Influence of negative ions on the stoichiometry and structure of carbon nitride films deposited by reactive magnetron sputtering

Magnetron-sputtered CNx thin films are primarily employed as hard, low-friction protective and tribological coatings, as solar cells, and for catalytic applications. Lower growth rates and a reduced N content, favoring graphitic sp2 structures, hinder industrial scalability due to prolonged deposition times and produce softer, less dense films with inferior hardness, elasticity, and wear resistance. Carbon nitride films deposited by magnetron sputtering exhibit growth behavior strongly influenced by plasma–surface interactions. However, nitrogen resputtering and reduced film growth rates are commonly attributed to chemical etching by positive ions. We propose an additional, unreported power-dependent mechanism involving negative ions formed at the carbon target.
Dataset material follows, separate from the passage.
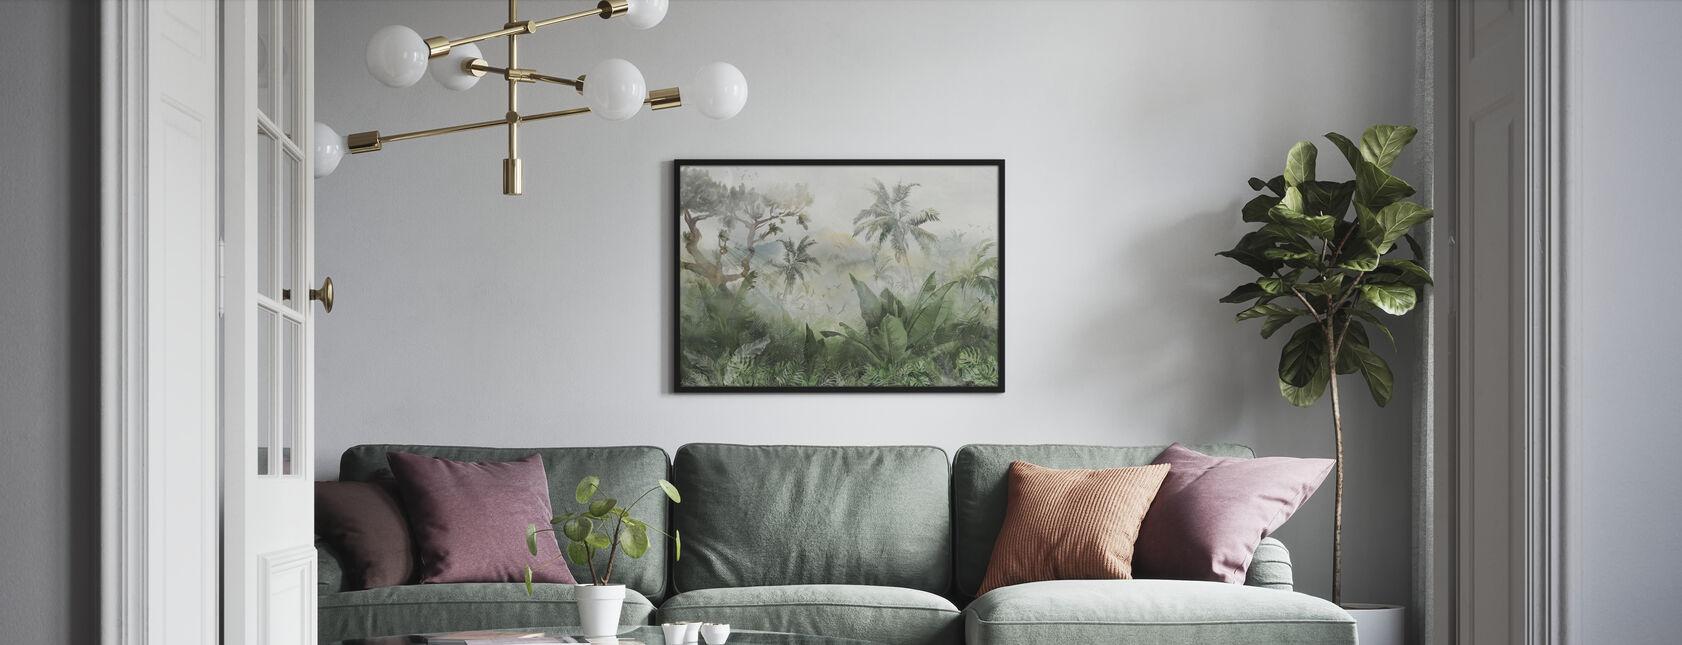 Sonnenstrahl Trog Dschungel - Poster - Wohnzimmer

These ions are accelerated through the plasma sheath, reaching the substrate with high kinetic energy and inducing both chemical and physical resputtering. This effect is localized to the geometrical projection of the target, as shown by spatially resolved analysis: ellipsometry reveals thickness reduction, and x-ray photoelectron spectroscopy and Raman spectroscopy indicate nitrogen depletion within this region. Correlation between stoichiometry and structural signatures confirms the decisive role of negative ions in modifying the film composition and microstructure. At the same time, the composition of the gas mixture exerts only a minor effect.